Requirement
Of all the entries below, retype only the lines from the one with "PyCharm2024.1.4激活码(WebStorm 2024.1.4 永久激活成功教程工具" through the one with "Moss Floral Design", exactly as they appear.

Supplied data
^^^^^^^^
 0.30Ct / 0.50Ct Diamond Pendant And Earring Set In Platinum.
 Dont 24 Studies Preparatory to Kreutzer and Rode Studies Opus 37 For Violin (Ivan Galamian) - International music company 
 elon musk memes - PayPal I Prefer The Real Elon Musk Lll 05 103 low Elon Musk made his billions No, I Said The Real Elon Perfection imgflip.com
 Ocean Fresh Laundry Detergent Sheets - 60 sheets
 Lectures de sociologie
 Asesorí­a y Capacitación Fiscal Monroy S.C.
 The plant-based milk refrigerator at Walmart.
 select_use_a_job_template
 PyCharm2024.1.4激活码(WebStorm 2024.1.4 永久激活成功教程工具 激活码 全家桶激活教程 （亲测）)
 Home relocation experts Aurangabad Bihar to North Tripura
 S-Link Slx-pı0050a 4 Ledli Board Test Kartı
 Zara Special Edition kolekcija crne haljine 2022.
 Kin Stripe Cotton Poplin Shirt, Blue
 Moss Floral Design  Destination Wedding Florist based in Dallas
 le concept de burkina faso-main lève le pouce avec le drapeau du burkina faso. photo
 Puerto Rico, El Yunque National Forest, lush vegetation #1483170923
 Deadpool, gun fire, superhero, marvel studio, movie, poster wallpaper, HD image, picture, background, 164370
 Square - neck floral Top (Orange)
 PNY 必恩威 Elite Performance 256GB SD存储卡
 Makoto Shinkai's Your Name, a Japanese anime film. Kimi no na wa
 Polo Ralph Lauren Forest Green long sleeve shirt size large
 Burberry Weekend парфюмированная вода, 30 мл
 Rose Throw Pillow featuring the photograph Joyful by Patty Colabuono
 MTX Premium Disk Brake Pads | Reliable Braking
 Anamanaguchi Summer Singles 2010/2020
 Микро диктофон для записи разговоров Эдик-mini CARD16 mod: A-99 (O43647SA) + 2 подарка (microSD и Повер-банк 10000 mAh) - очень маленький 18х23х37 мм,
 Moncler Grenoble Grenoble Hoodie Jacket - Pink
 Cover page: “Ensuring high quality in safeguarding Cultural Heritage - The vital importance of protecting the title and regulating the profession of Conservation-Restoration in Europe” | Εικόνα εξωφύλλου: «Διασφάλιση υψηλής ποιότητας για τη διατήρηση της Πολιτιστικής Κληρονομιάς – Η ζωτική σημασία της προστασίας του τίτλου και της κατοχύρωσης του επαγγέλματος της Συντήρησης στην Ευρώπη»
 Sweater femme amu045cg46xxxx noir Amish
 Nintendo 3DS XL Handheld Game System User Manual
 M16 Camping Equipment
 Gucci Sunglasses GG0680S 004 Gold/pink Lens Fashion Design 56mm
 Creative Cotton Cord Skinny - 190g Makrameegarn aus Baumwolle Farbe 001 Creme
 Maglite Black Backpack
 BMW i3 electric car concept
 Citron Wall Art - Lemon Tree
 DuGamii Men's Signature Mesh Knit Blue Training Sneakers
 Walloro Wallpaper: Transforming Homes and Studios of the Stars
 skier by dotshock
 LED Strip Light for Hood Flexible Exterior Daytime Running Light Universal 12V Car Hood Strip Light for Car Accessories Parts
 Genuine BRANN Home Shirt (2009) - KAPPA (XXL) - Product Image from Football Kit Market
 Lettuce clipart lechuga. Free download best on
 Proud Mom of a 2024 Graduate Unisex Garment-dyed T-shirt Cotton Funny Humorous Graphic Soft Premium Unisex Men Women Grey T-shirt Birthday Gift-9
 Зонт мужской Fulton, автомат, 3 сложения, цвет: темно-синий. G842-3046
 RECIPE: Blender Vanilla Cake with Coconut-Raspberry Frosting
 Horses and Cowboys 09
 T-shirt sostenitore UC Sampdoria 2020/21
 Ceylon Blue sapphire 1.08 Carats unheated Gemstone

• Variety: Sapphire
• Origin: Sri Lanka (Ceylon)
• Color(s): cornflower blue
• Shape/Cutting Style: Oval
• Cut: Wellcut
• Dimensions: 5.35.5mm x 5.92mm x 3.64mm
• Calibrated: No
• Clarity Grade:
^^^^^^^^
Response box
 PyCharm2024.1.4激活码(WebStorm 2024.1.4 永久激活成功教程工具 激活码 全家桶激活教程 （亲测）)
 Home relocation experts Aurangabad Bihar to North Tripura
 S-Link Slx-pı0050a 4 Ledli Board Test Kartı
 Zara Special Edition kolekcija crne haljine 2022.
 Kin Stripe Cotton Poplin Shirt, Blue
 Moss Floral Design  Destination Wedding Florist based in Dallas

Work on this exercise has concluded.